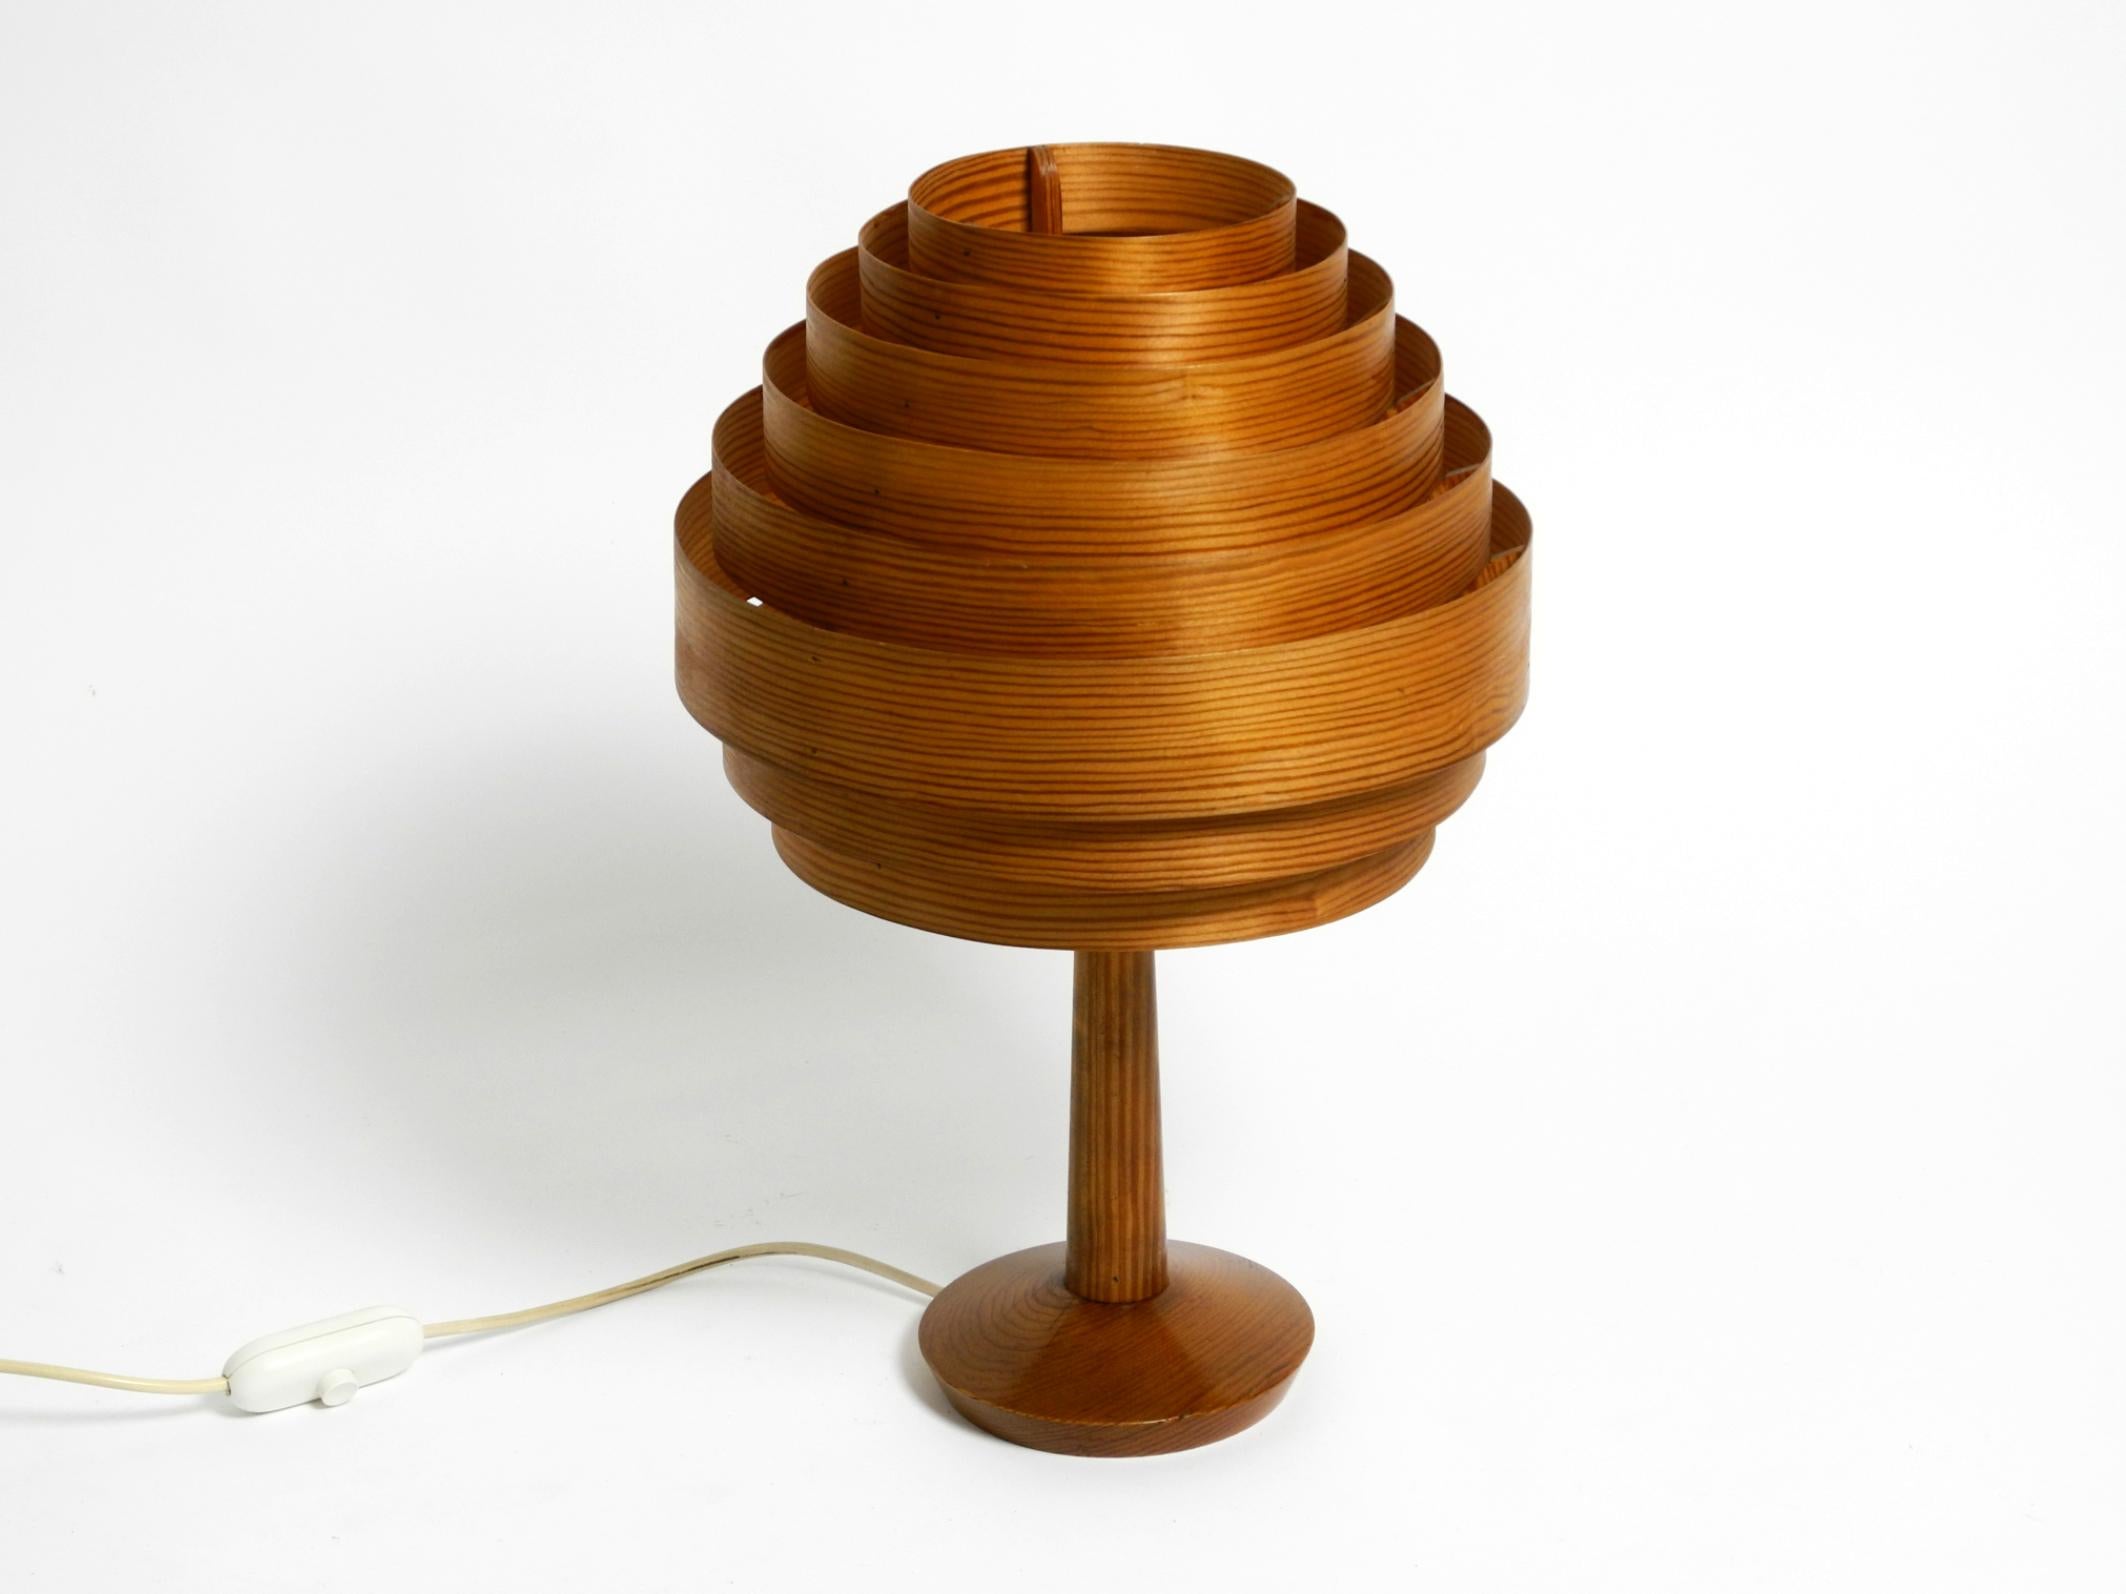 Magnifique lampe de table à lamelles en placage de pin des années 1960.
Design/One Jakobsson pour Markaryd. Fabriqué en Suède.
Un beau classique suédois des années 1960.
Très bon état vintage et entièrement fonctionnel.
La lampe entière n'est pas

- - - - -

Write out the lines of the records exactly, starting at the one holding "Design/One Jakobsson pour" and ending with the last line, and include no others.

## EXERCISE ANSWER
Design/One Jakobsson pour Markaryd. Fabriqué en Suède.
Un beau classique suédois des années 1960.
Très bon état vintage et entièrement fonctionnel.
La lampe entière n'est pas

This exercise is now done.